Yesterday I blogged about how others look at our lives and they survey fruit. They see what type of results we are getting. They are trying to see if we walk the walk or if we just talk the talk.
I believe the same concept can be applied in friendships: you are supposed to see the fruit of a healthy friendship.
Take me for example, I try my best to be a good friend. My friends know I am not perfect but I do try to be consistent, true and encouraging.
The past 4 years have been a breeding ground for friendship theories. I learned all about toxic friends. I learned about the anatomy of friendships and how it needs investment, access and strong foundations. One thing I learned recently is how to let go when things haven't been working for a while. If a friendship is not producing fruit, I just let go.
I can look back 4 years and measure how much effort I put into particular friendships. I can measure invitations to hang out, I can see my encouragement and the endeavor to make something good, greater. I can also measure the results I got. Friendships, like most relationships, are not inanimate. You are either progressing or regressing.
It's human nature to feel sad when I look back at 4 years of investment and find it lacking. Character breakthrough happens when I accept regress as a sign that I'm the one who needs to move on.
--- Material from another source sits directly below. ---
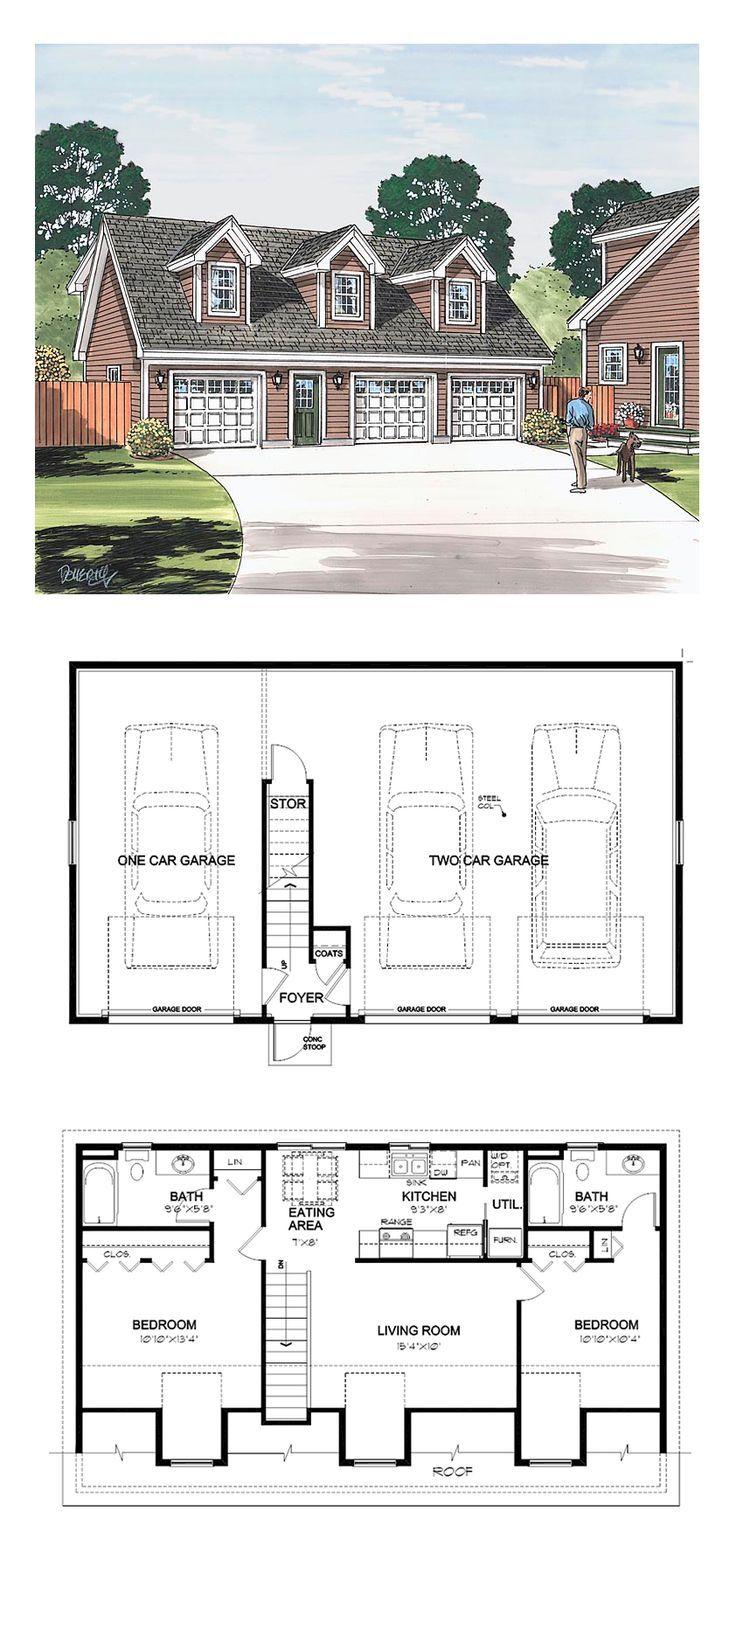 garage apartment plans. Download garage apartment plans for ...

Do you wanna know something funny? The people that would be responsible for my 'sadness' are clueless about this whole thing. They are so wrapped up in their own lives (which is their right) that they can care less about my view of things.
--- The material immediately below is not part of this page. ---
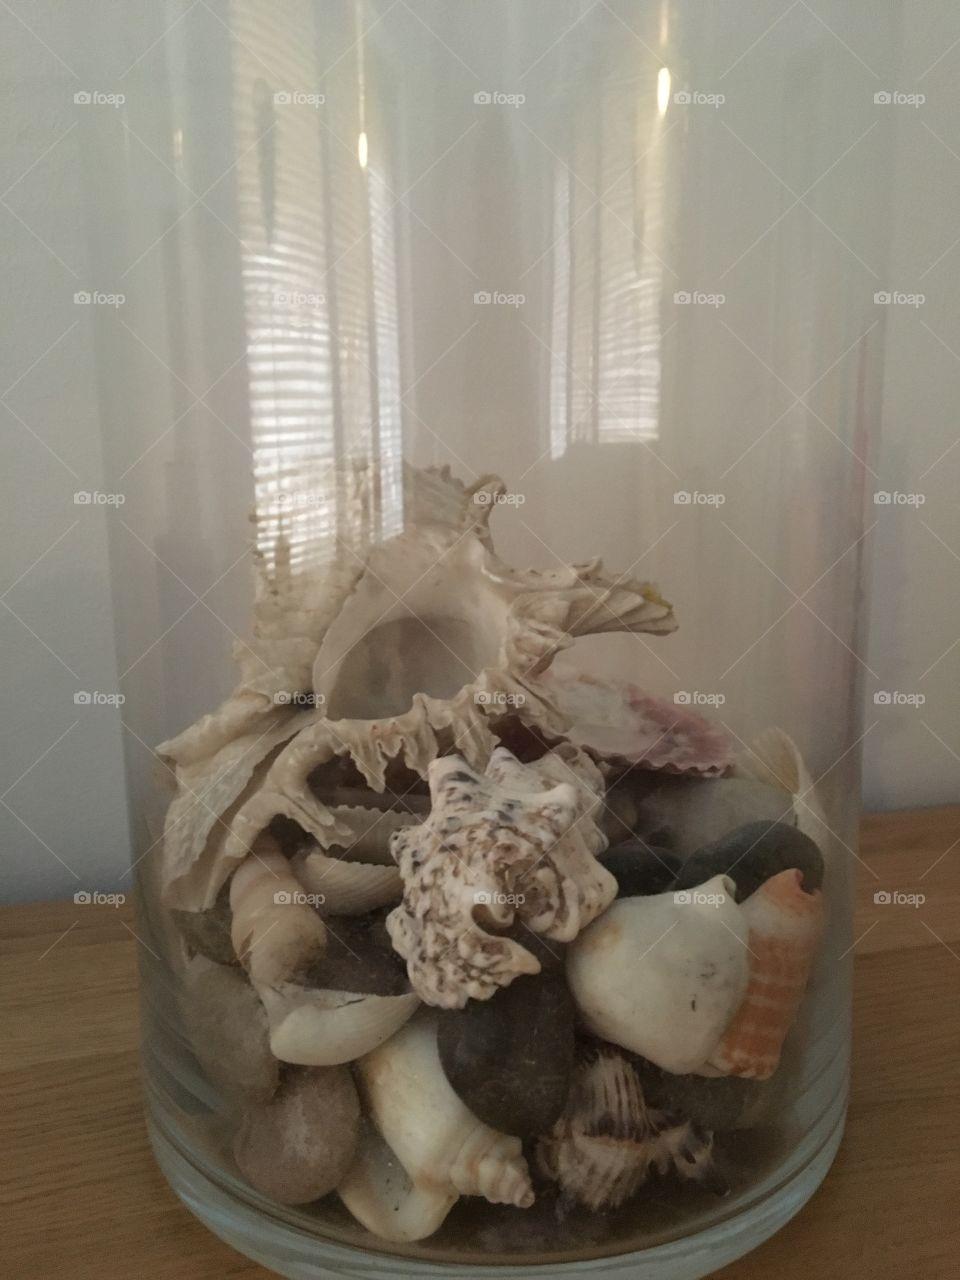 Seashells in glassbowl

I find this to be fuel for progress.
Stoic friendships are not a sign that the other friend is a bad person. This kinda thing just happen. Stoic friendships are a mile marker in the race of life. It says, "time to leave this person here and keep running your own race."
And running I did. Every stoic friendship I left behind opened doors for more significant, propelling people.
I no longer wasted time grieving a friendship gone stoic. I focused my energy on releasing that friend and leaving any regret where it belongs. I prayed and forgave, which opened spiritual doors of freedom. Once I had that clean slate, I was able to find the openness of heart to welcome new friends.
I am challenging you to survey your life for stoic friendships. You might not want to share this post with them because it will highly offend them. What I would instead is to think about all the effort you put into that relationship over the years. If the friendship is truly stoic, pray God's blessing over that person and move on to the more of God in the area of friendship.
Grieving a stoic friendship is not the best way to make room for new, faithful friends.
Remember, this is just a mile marker and you get to run on to a better season of friendships in your life.